Spark context Web UI available at http://10.191.10.154:4041
Spark context available as 'sc' (master = local[*], app id = local-1711604639907).
Spark session available as 'spark'.
Welcome to
____ __
/ __/__ ___ _____/ /__
_\ \/ _ \/ _ `/ __/ '_/
/___/ .__/\_,_/_/ /_/\_\ version 3.4.2
/_/
Using Scala version 2.12.17 (Java HotSpot(TM) 64-Bit Server VM, Java 1.8.0_321)

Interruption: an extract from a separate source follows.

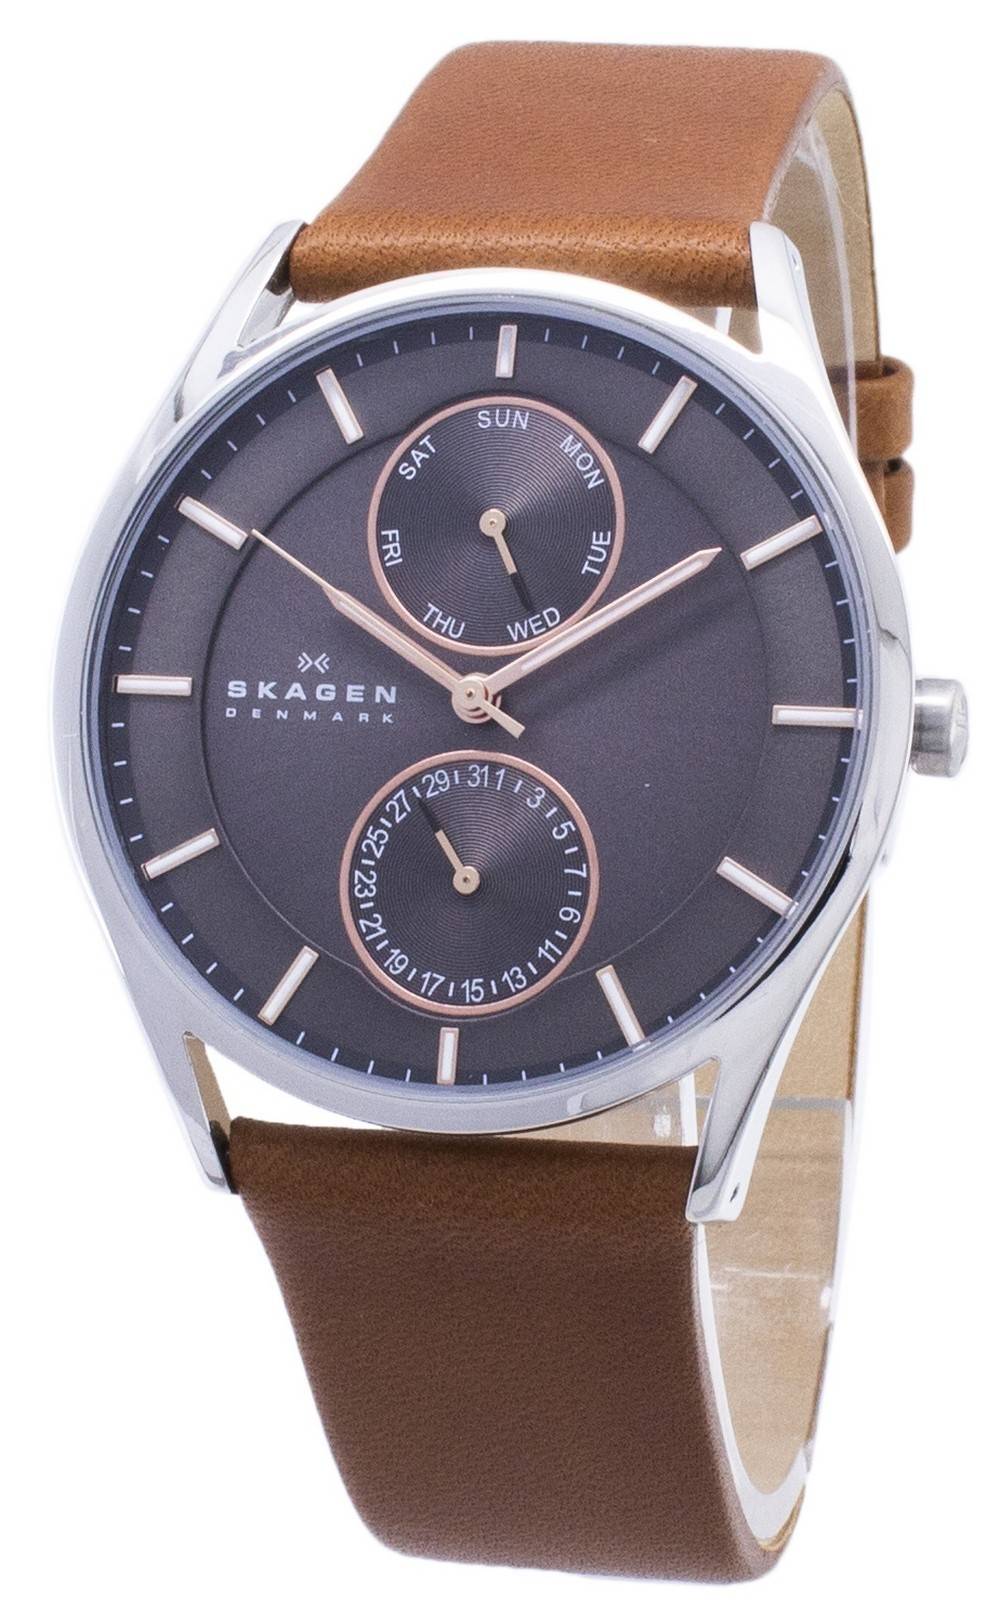 スカーゲン腕時計販売 - Creationwatches.com のための割引します。

Type in expressions to have them evaluated.
Type :help for more information.
scala>
and hadoop
C:\Users\aryan>hadoop
Usage: hadoop [--config confdir] [--loglevel loglevel] COMMAND
where COMMAND is one of:
fs run a generic filesystem user client
version print the version
jar <jar> run a jar file
note: please use "yarn jar" to launch
YARN applications, not this command.
checknative [-a|-h] check native hadoop and compression libraries availability
conftest validate configuration XML files
distch path:owner:group:permisson
distributed metadata changer
distcp <srcurl> <desturl> copy file or directories recursively
archive -archiveName NAME -p <parent path> <src>* <dest> create a hadoop archive
classpath prints the class path needed to get the
Hadoop jar and the required libraries
credential interact with credential providers
jnipath prints the java.library.path
kerbname show auth_to_local principal conversion
kdiag diagnose kerberos problems
key manage keys via the KeyProvider
trace view and modify Hadoop tracing settings
daemonlog get/set the log level for each daemon
or
CLASSNAME run the class named CLASSNAME
Most commands print help when invoked w/o parameters.
C:\Users\aryan>hadoop -version
java version "1.8.0_321"
Java(TM) SE Runtime Environment (build 1.8.0_321-b07)
Java HotSpot(TM) 64-Bit Server VM (build 25.321-b07, mixed mode)
C:\Users\aryan>echo %HADOOP_HOME%
C:\hadoop-3.3.1
also copied winutils.exe to HADOOP/bin from some github repo
with this code
import findspark
findspark.init()
import pandas as pd
import time
from pyspark.sql import SparkSession
spark = SparkSession.builder \
.appName("My Spark Application") \
.config("spark.jars.packages", "com.crealytics:spark-excel_2.12:0.13.7") \
.config("spark.driver.memory", "6g") \
.config("spark.executor.memory", "6g") \
.config("spark.executor.memoryOverhead", "1g") \
.config("spark.memory.fraction", "0.8") \
.config("spark.sql.debug.maxToStringFields", 1000) \
.getOrCreate()
# Start timer for both write operations
start_time = time.time()
# Write the DataFrame to a Parquet file
df_layoff_sk.write.parquet('tech_layoffs_sk.parquet', mode='overwrite')
# Write the DataFrame to a Parquet file
df_housing_sk.write.parquet('housing_market_sk.parquet', mode='overwrite')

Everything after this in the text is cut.